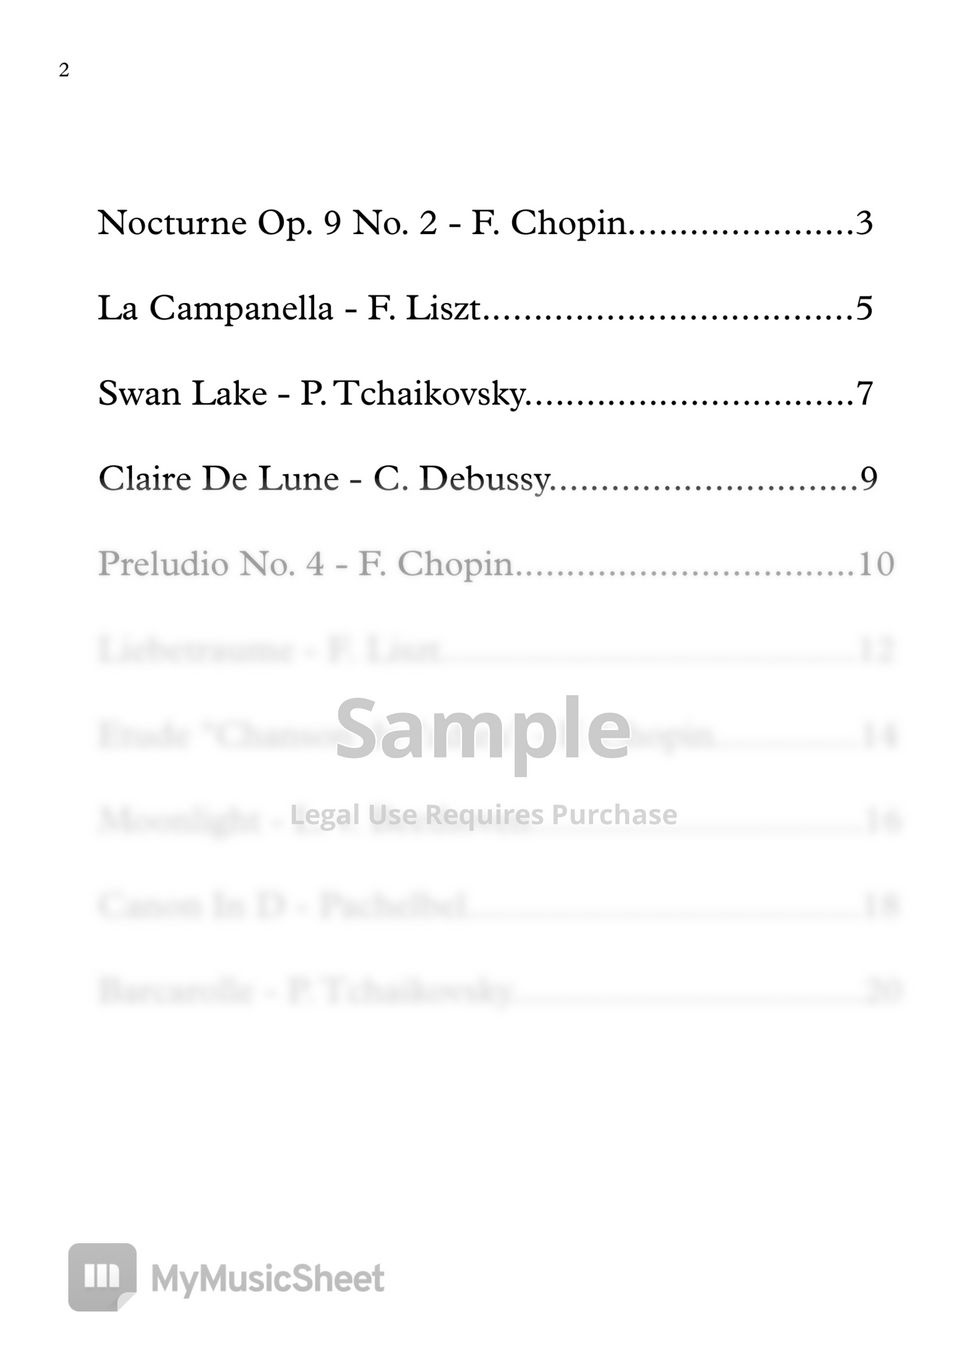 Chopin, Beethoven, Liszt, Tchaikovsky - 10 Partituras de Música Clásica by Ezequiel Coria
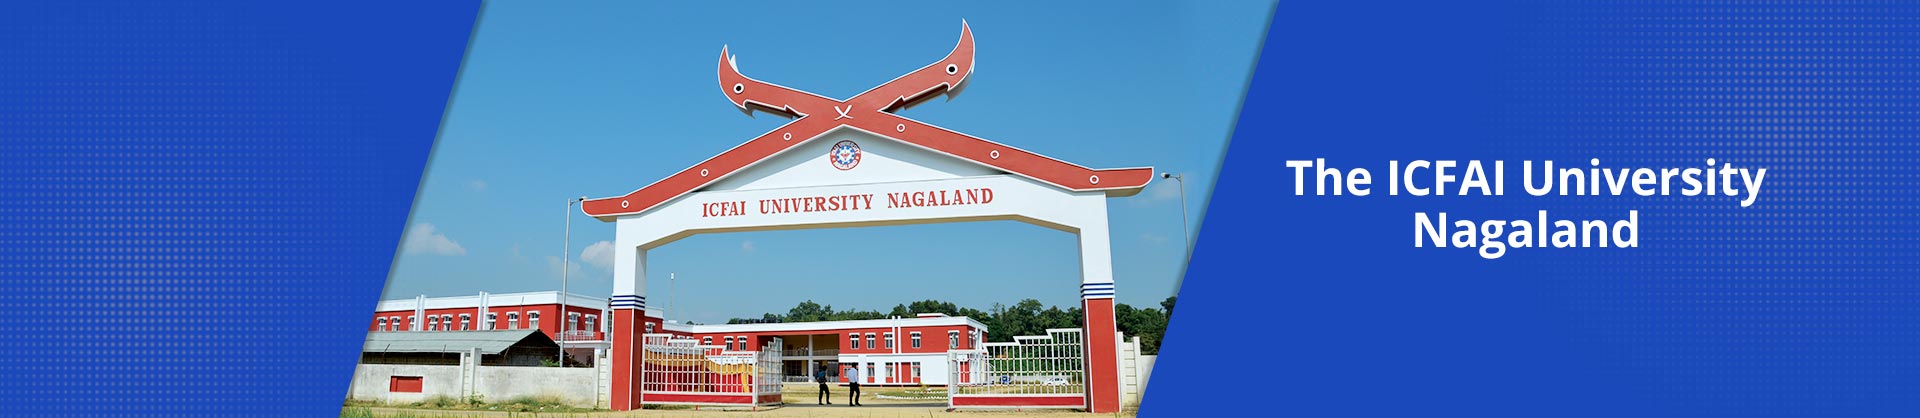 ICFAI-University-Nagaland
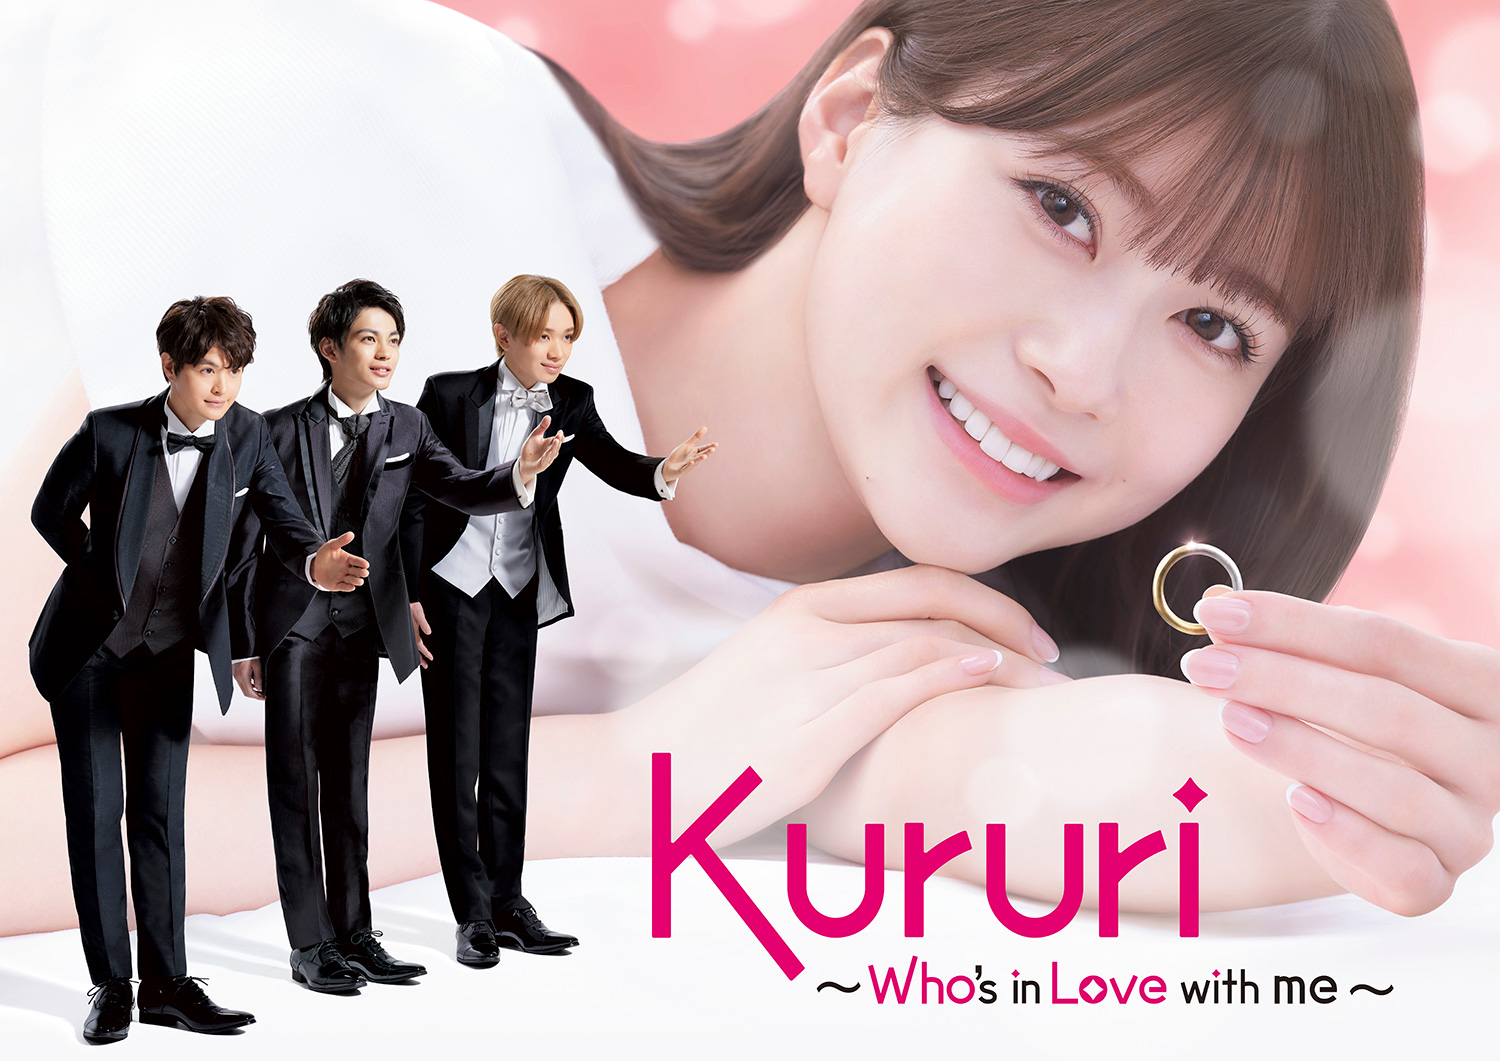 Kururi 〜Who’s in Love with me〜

--------

*Problem description*
Give the data again exactly as it stands, apart from the pictures.

*Written response*
 Chopin, Beethoven, Liszt, Tchaikovsky - 10 Partituras de Música Clásica by Ezequiel Coria
 ICFAI-University-Nagaland
 Kururi 〜Who’s in Love with me〜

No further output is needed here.